Now think of yourself going into a hard conversation, how you want it to go perfectly. And then remember that hard conversations permit no real practice. Maybe you internally rehearse what you’ll say, but that’s about it – nothing close to the thousands of practice runs Eddie gets. Then further appreciate that hard conversations are hard, in part, because they are so unique.
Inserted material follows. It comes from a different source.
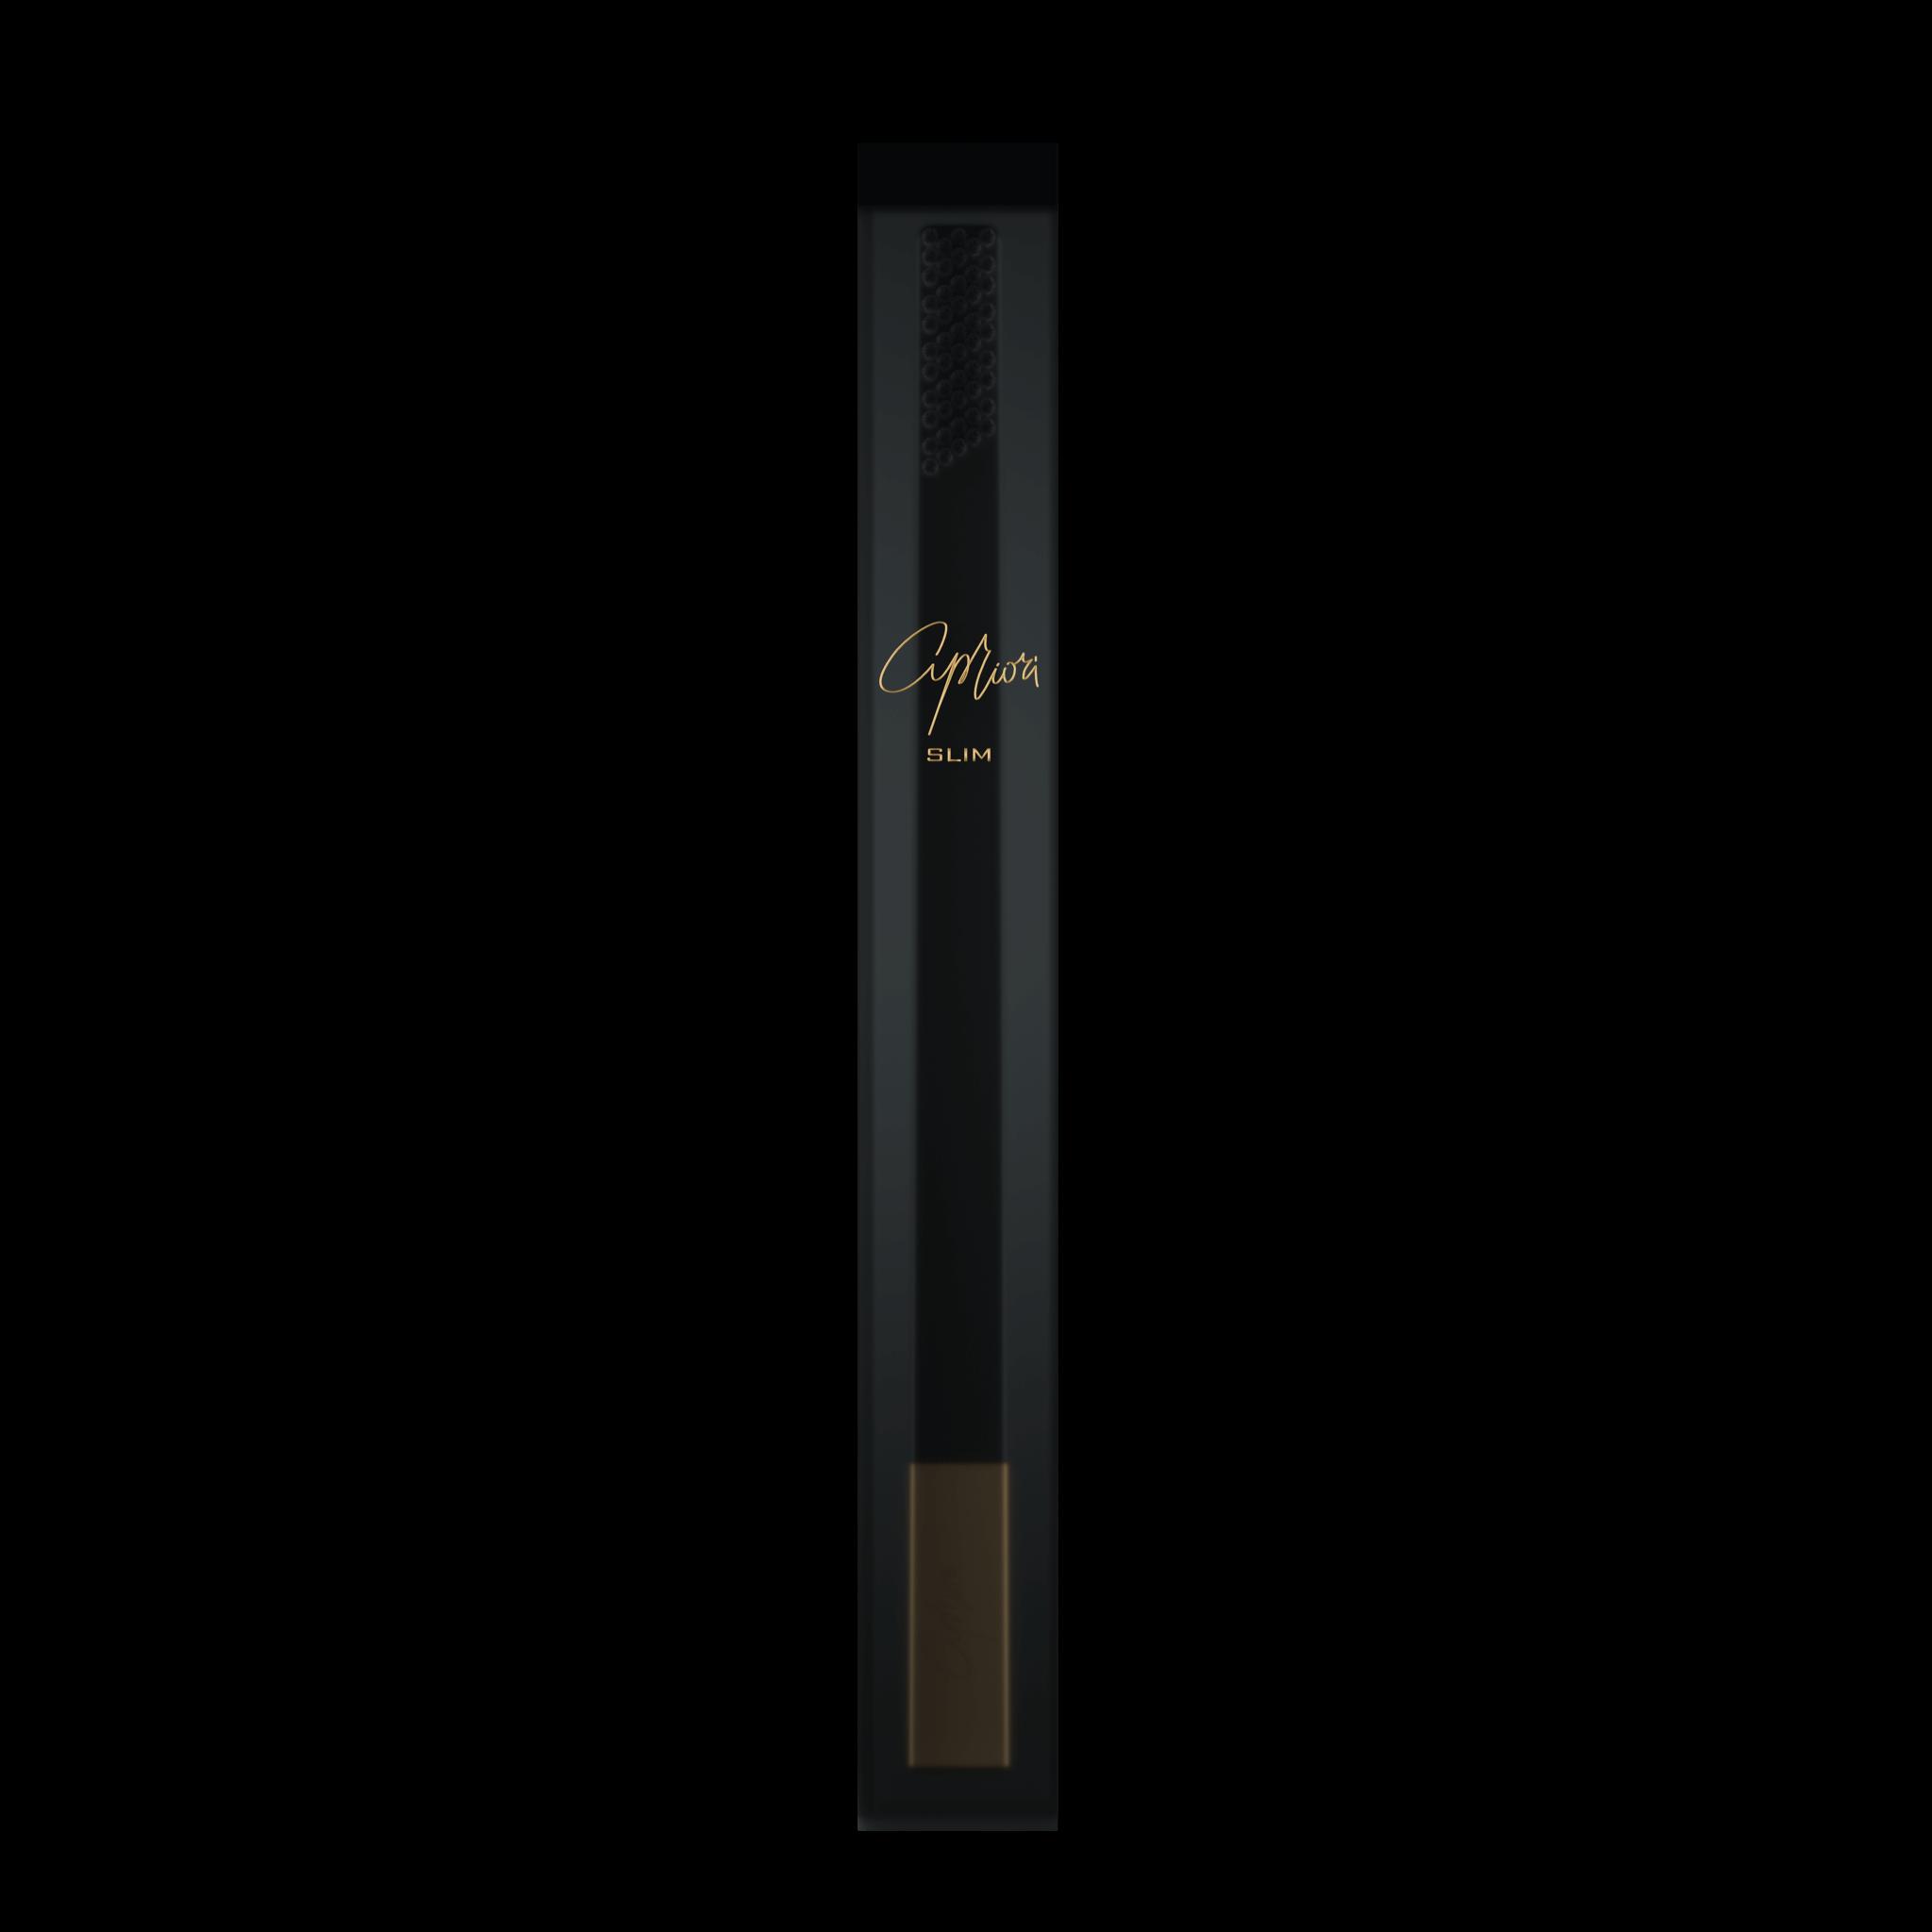 SLIM by Apriori black & gold designer toothbrush package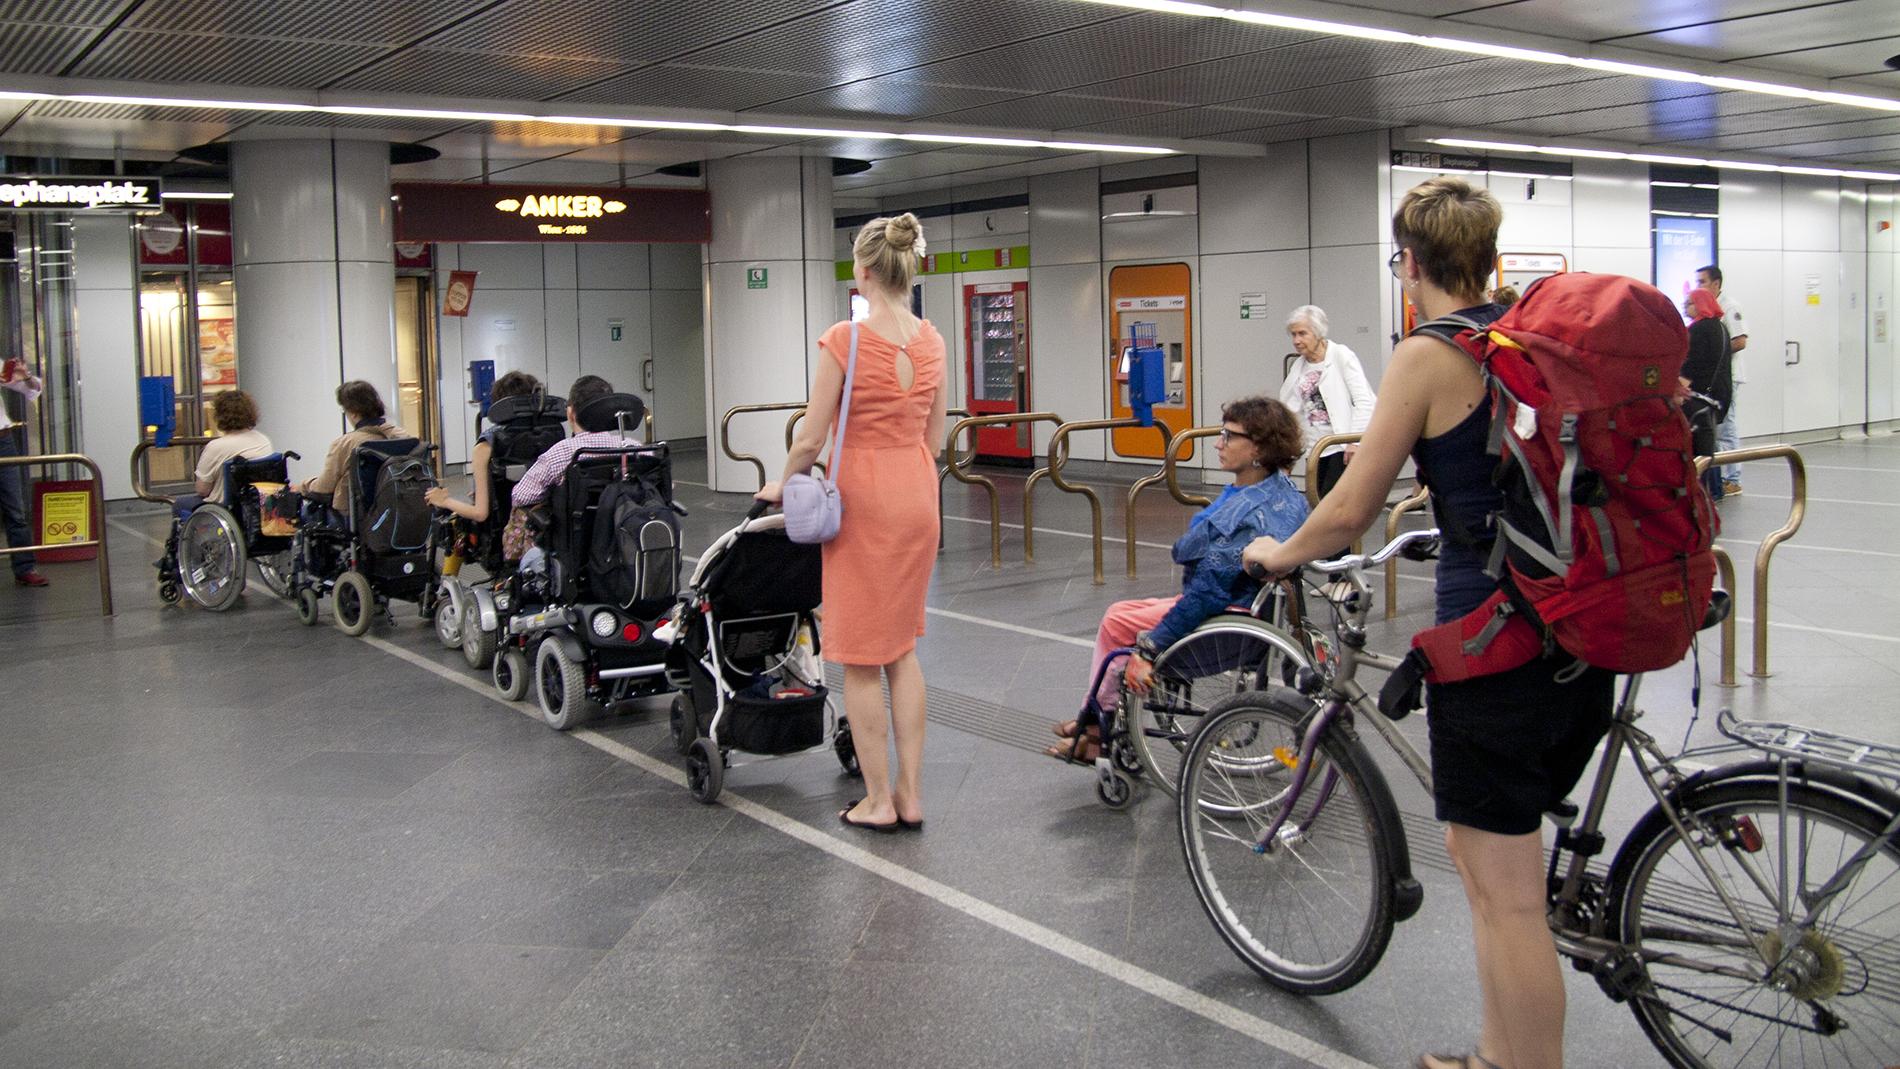 Aufzugdefekt am 13. Juli 2016 bei U-Bahn Station Stephansplatz

Like, it’s not every day you console someone who lost a loved one, or have to tell a partner you aren’t happy, or bring up the fact that you strongly disagree with a leader’s actions. So in addition to nonexistent practice, you are also without live experience to draw upon. In a sense, you are being thrown on stage with a vague idea of how the guitar works and expecting yourself to play Eruption

Don’t be absurd. Lower your expectations. A lot. When you replay the conversation and long to have said something different, remember that you aren’t Eddie, that you couldn’t have practiced, that your total reps in such conversations are staggeringly small, and that even if none of that is true, that you are, indeed, Eddie Van Halen, errors would still find you.

What would you do

if you didn’t have a problem to solve?

Well, for one thing, you would be bored. And given the undesirability of such a state, perhaps the tenor with which we discuss problems should be changed to one of appreciation (for the purpose problems provide) as opposed to wishing the problem would instantly resolve.

The above connotation shift is not a suggestion for intractable problems, for problems that may well never have a solution. In these unfortunate scenarios, there are no longer steps to take, books to read, experiments to run – there is just suffering.

But is your problem actually unsolvable? A temptation exists to label a problem in this fashion to excuse oneself of responsibility. Then again, if one can’t walk away from the problem, the whole suffering thing should dissuade the act of submitting to temptation too easily. Still, a simple test should usually suffice: can a stranger informed of your problem instantly derive actions worth trying? If so, you are far from exhausting possibilities, so dig in and embrace the purpose. If not, well, ughhhhhhhhhhhhhhhhhhhhhhhhhhhhhhhhhhhhhhhhhhhhhhhhhhhhhhhhhhhhhhhhhhhhhhh.

 

People want to be wanted …

just not too much.

This is how one can honestly claim, “I don’t like games in dating,” while also being turned off by the far-too-direct suitor who doesn’t “play games.”

Finding the perfect line where one shows enough “want” without coming across as “wanting” is the stuff of magic.

Some guesses as to why such a line exists:

  1. For all but the most narcissistic, it’s natural to doubt oneself. Hence, it is nice to hear compliments. However, too many compliments are a bit suspicious: Doesn’t this other person know how flawed I am? Is he/she just lying?
  2. There are perks to being a big fish in a small pond. So, it’s common for pleasure to be derived from liking another person slightly less than he/she likes you. There is power in this discrepancy. A too-large gap, though, indicates something in the perception of a shared reality is off and you may be settling for a très tiny fish.
  3. We want what we can’t have.
  4. Endless attention can be exhausting and downright uncomfortable. Plus, ceaseless unreciprocated attention shows a certain lack of awareness in the suitor, which is an unquestionably unattractive trait.